# Task statement
Please transcribe the data that follows without the pictures, keeping every word the same.

# Supplied material
------------------------------------

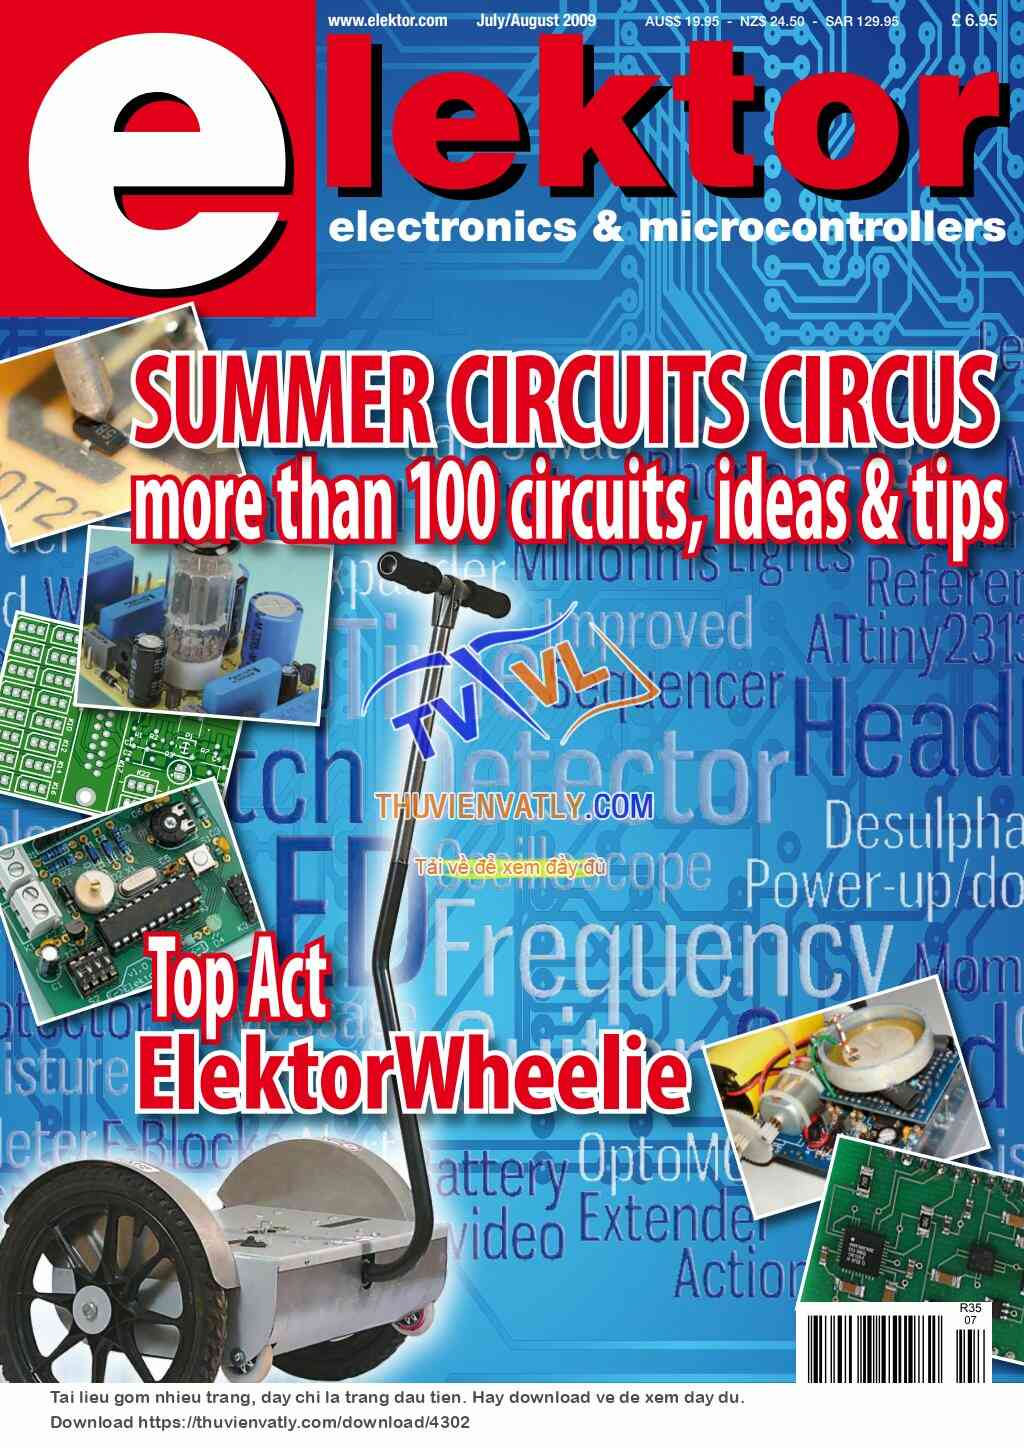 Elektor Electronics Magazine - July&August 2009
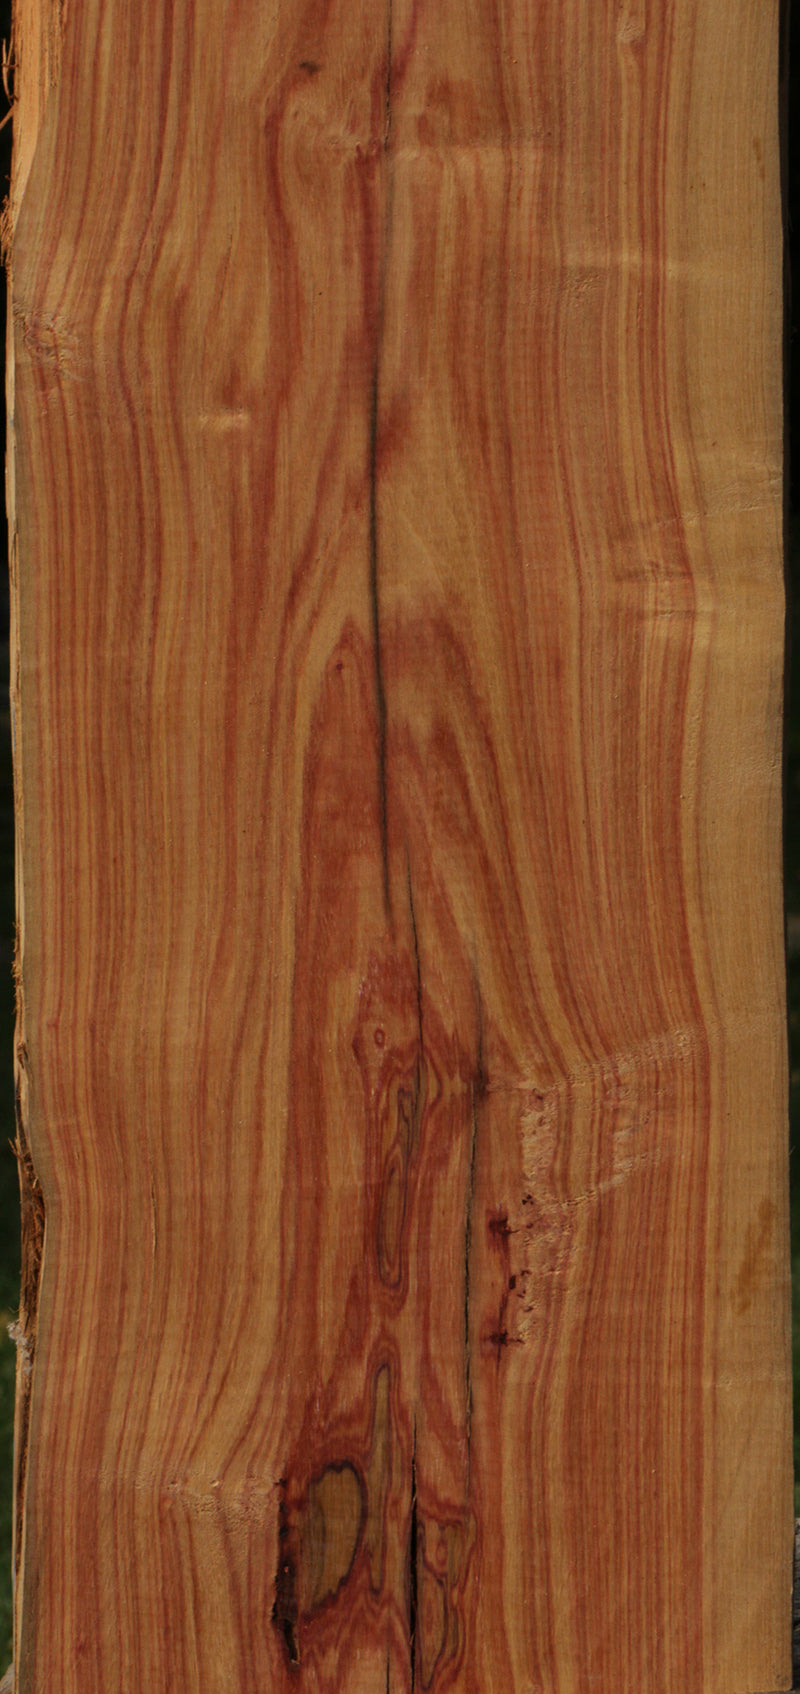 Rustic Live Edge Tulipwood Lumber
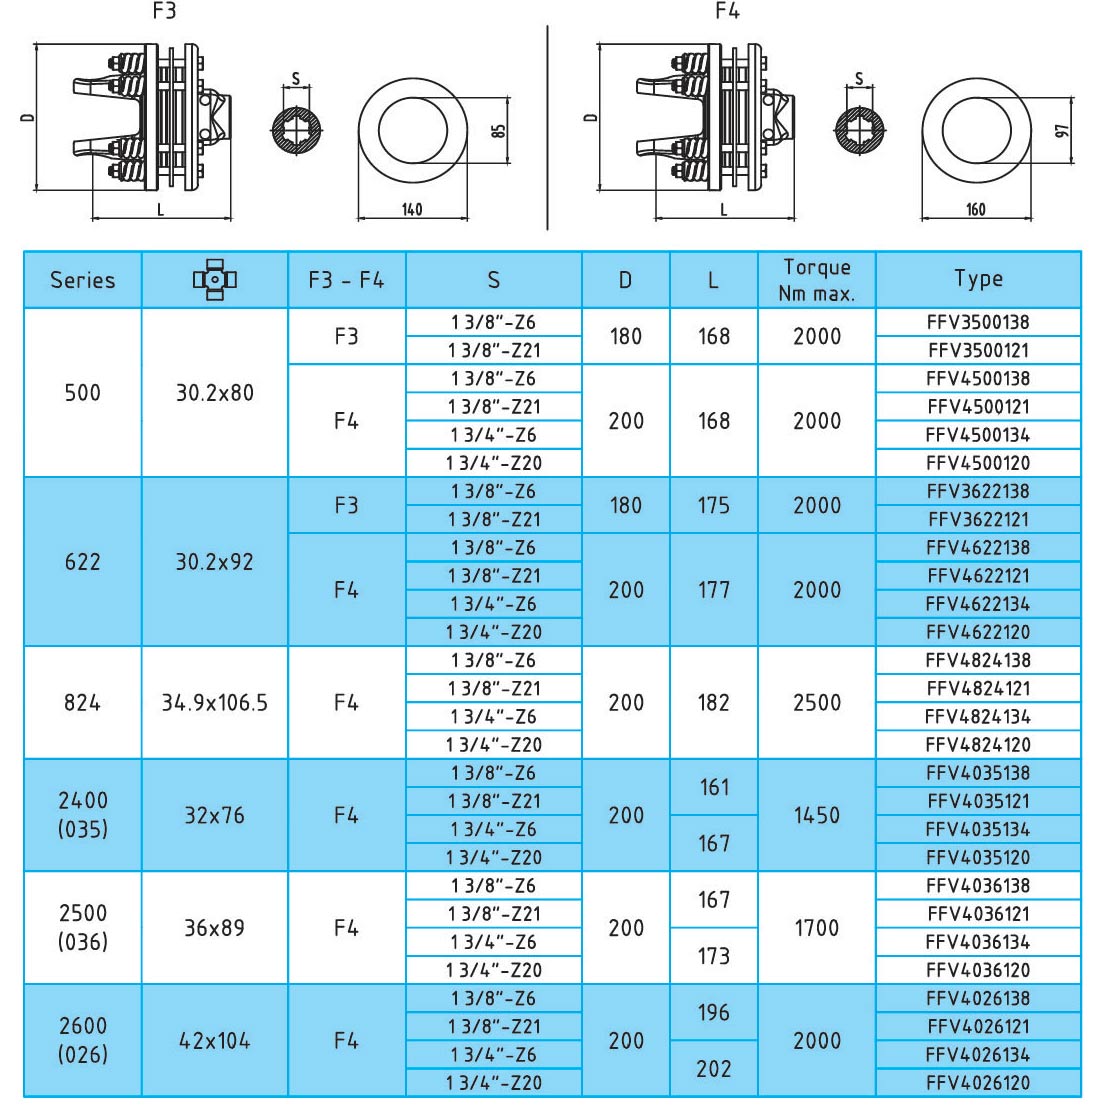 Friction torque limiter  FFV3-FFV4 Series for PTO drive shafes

------------------------------------

# Solution to the exercise
 Elektor Electronics Magazine - July&August 2009
 Rustic Live Edge Tulipwood Lumber
 Friction torque limiter  FFV3-FFV4 Series for PTO drive shafes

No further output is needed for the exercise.